Although the size of the codebook is decreased by the adaptive quantization, its dimension is still high. In this section, the HDP [10] model shown in Figure 5 is used for clustering these low-level words into topics (atomic activities). The HDP is a nonparametric hierarchical Bayesian model. The advantage of using the HDP model is that it can automatically provide the number of discovered topics (atomic activities) that are deemed as mid-level visual words. Thus, the video can be represented in a more compact way.

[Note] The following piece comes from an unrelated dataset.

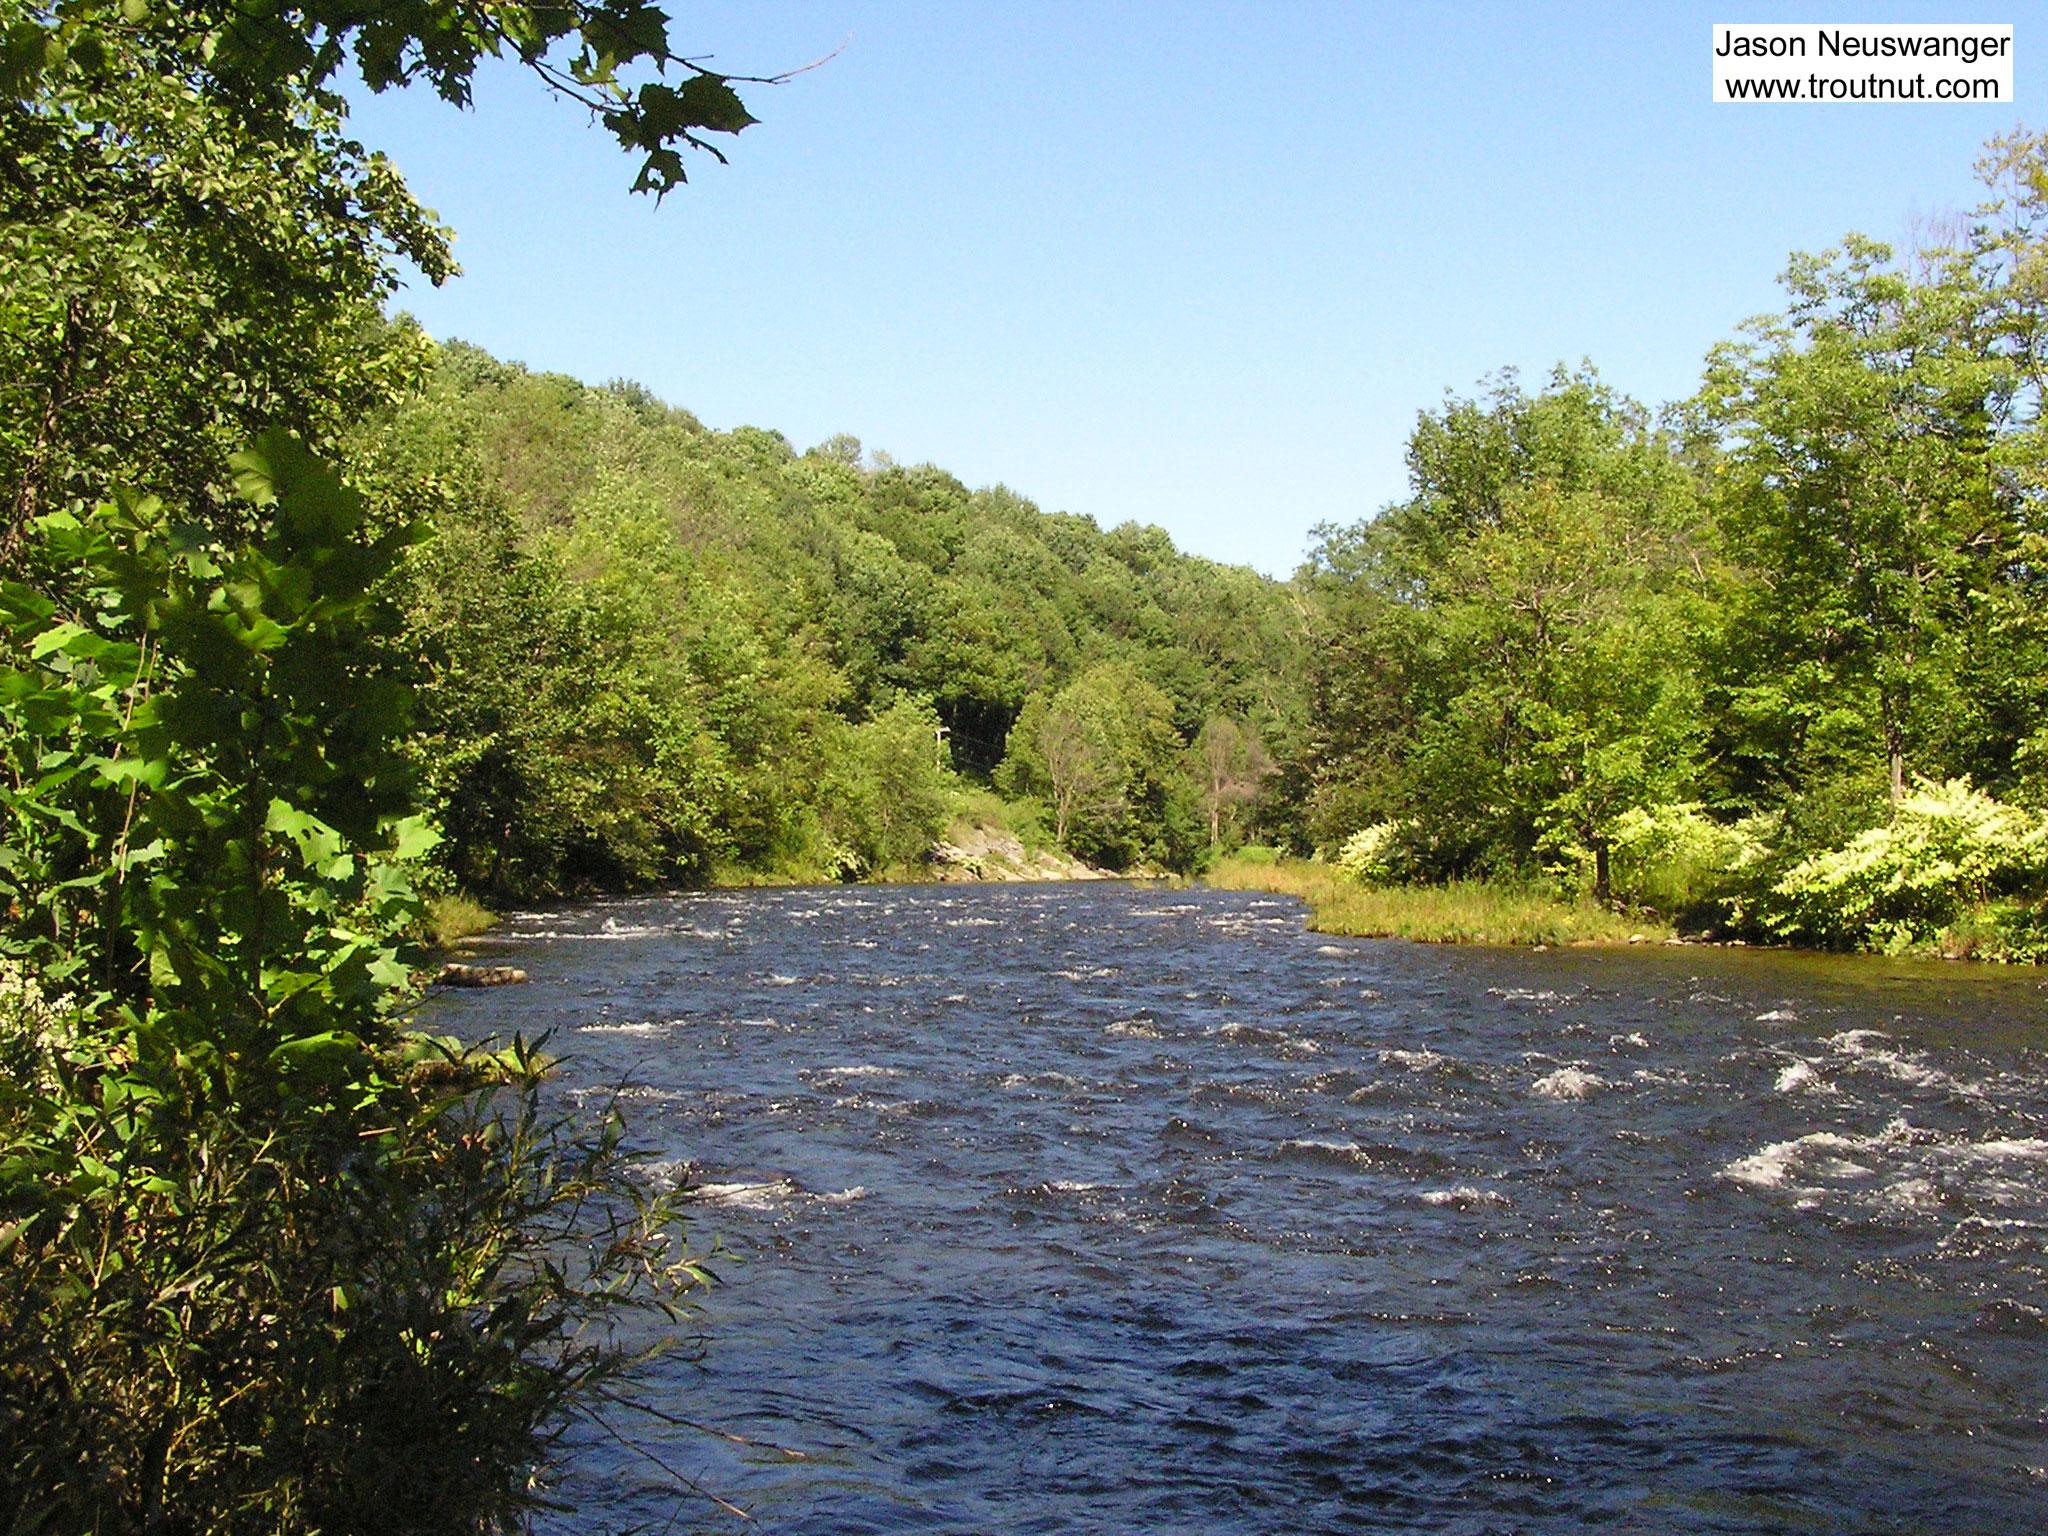 From Willowemoc Creek in New York.

There are two levels of the Dirichlet process (DP) in the HDP model, and the generative process is given as follows:

• In the first level, the DP generates a global random measure G₀ with concentration parameter γ and base probability measure H as follows:

  $$G_0\mid \gamma ,H\sim DP(\gamma ,H)$$

  (7)

  G₀ can be formulated using the stick-breaking construction as follows:

  $$\begin{array}{l}{\pi }_k^{\text{'}}\mid \gamma ,H\sim \mathit{\text{beta}}(1,\gamma ){\theta }_k\mid \gamma ,H\sim H\hfill \\ {\pi }_k={\pi }_k^{\text{'}}{\mathrm{\Pi }}_{l=1}^{k-1}1-{\pi }_k^{\text{'}}{G}_0={\sum }_{k=1}^{\infty }{\pi }_k{\delta }_{{\theta }_k}\hfill \end{array}$$

  (8)

• In the second level, the DP generates random measures G_t for each clip d_t with base probability measure G₀ as follows:

  $$G_t\mid \alpha ,G_0\sim DP(\alpha ,G_0)$$

  (9)

  G_t is a prior distribution of all the words in document d_t, with only a subset of the topics in G₀ active. It is formulated using the stick-breaking construction again as follows:

  $$\begin{array}{l}{\widehat{\pi }}_k^{\text{'}}\mid \alpha ,G_0\sim \mathit{\text{Beta}}(1,\alpha )\hfill \\ {\tau }_k\sim \mathit{\text{Mult}}({\pi }_{1,}{\pi }_{2,}\dots ){\widehat{\theta }}_k\mid \alpha ,G_0={\theta }_{T_k}\hfill \\ {\widehat{\pi }}_k={\widehat{\pi }}_k^{\text{'}}{\mathrm{\Pi }}_{l=1}^{k-1}1-{\widehat{\pi }}_k^{\text{'}}{G}_t={\sum }_{k=1}^{\infty }{\widehat{\pi }}_k{\delta }_{{\widehat{\theta }}_k}\hfill \end{array}$$

  (10)

• For the observed words i ∈ {1,…N_j} in document d_t:

  • Draw a topic θ_t,i ∼ Multi(G_t);

  • Sample a word x_t,i ∼ Multi(θ_t,i)

In the learning process, every low level word is assigned a topic identification. Furthermore a document (video clip) d_t is represented by the mixture G_t of topics. The discovered topics (atomic activities) will be directly used in creating a multivariate point-process in the following section.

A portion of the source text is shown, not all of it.